Credit - Megane Herrick

More and more celebrities and people in the spotlight are choosing to stay away from traditional labels –gay, straight, bisexual and all of the other letters. Some people choose not to define themselves as they find it restrictive, some choose to wait as they haven’t quite figured out the right word, the one that fits. Some love labels, and it brings them a sense of comfort and identity. The question is, do we still need labels in today’s society, or are they doing more harm than good?

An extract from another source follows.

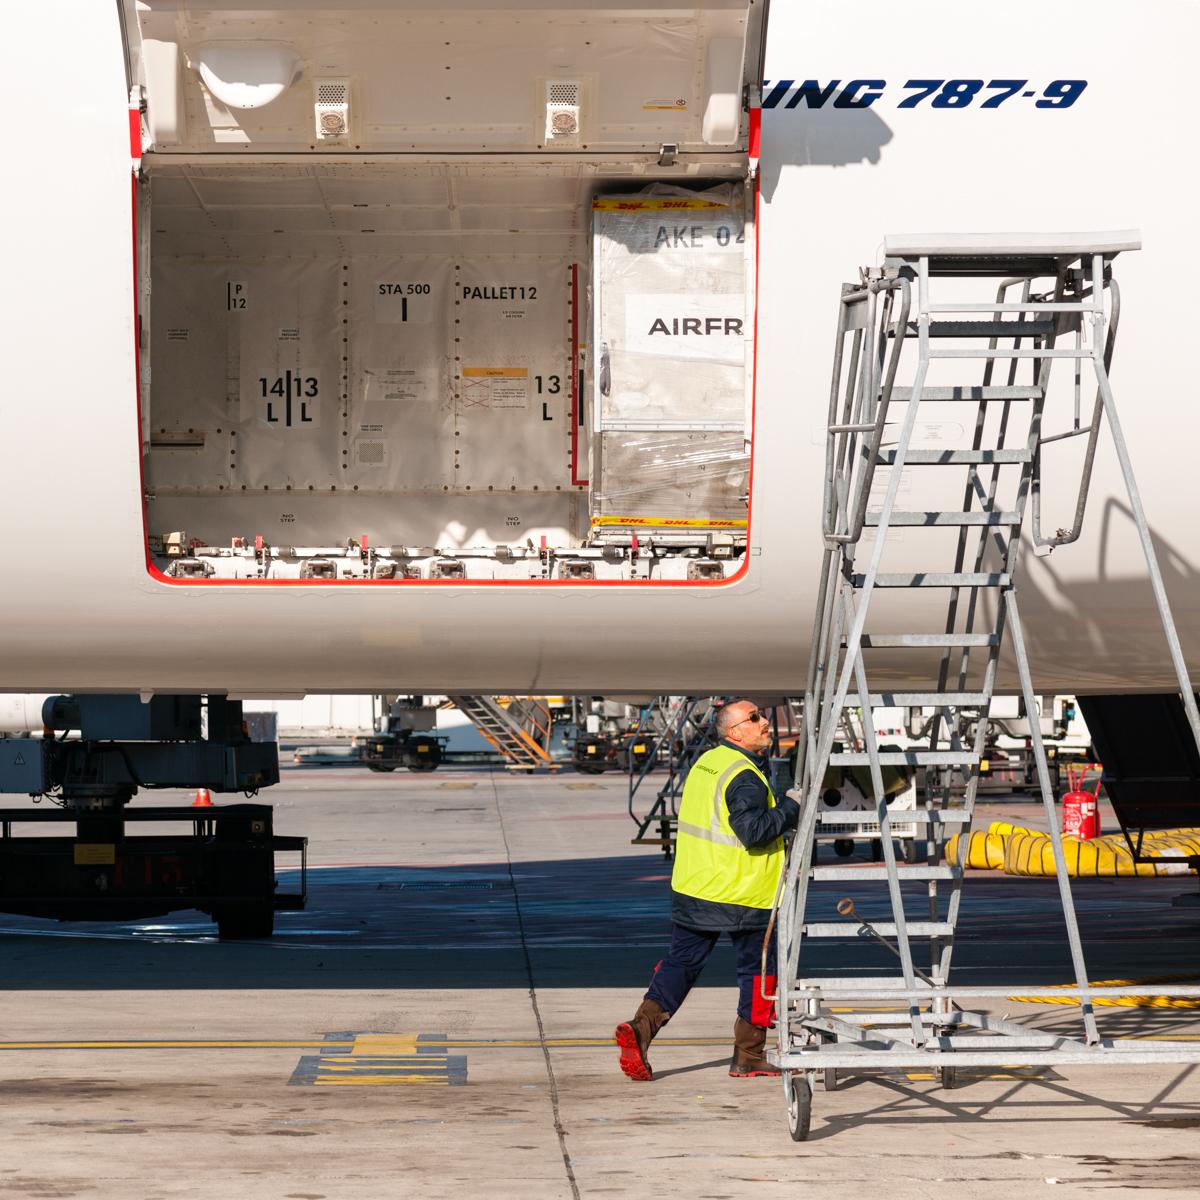 Air France at Work Ramp (2 of 5).jpg

An abundance of celebrities have chosen not to define themselves, and given us some insights as to why. Kristen Stewart is often referred to as bisexual, but she doesn’t agree. She has said that it took her a while to realise that she could just not use a label, but now she doesn’t. Harry Styles takes a similar approach and has described his views of sexuality as ‘something that’s fun’ but that he ‘hasn’t given it much more thought than that’. He also believes is it something personal, which at the end of the day, it is. Billy Eilish, while she has only publicly dated men, has openly spoken about her attraction to women. She takes the stance of who cares and has made the very valid point of ‘Why can’t we just exist?’ Ariana Grande also shares these sentiments, as she has said she is attracted to both men and women, but chooses not to label it, stating on Twitter that ‘I haven’t before and still don’t feel the need to now’.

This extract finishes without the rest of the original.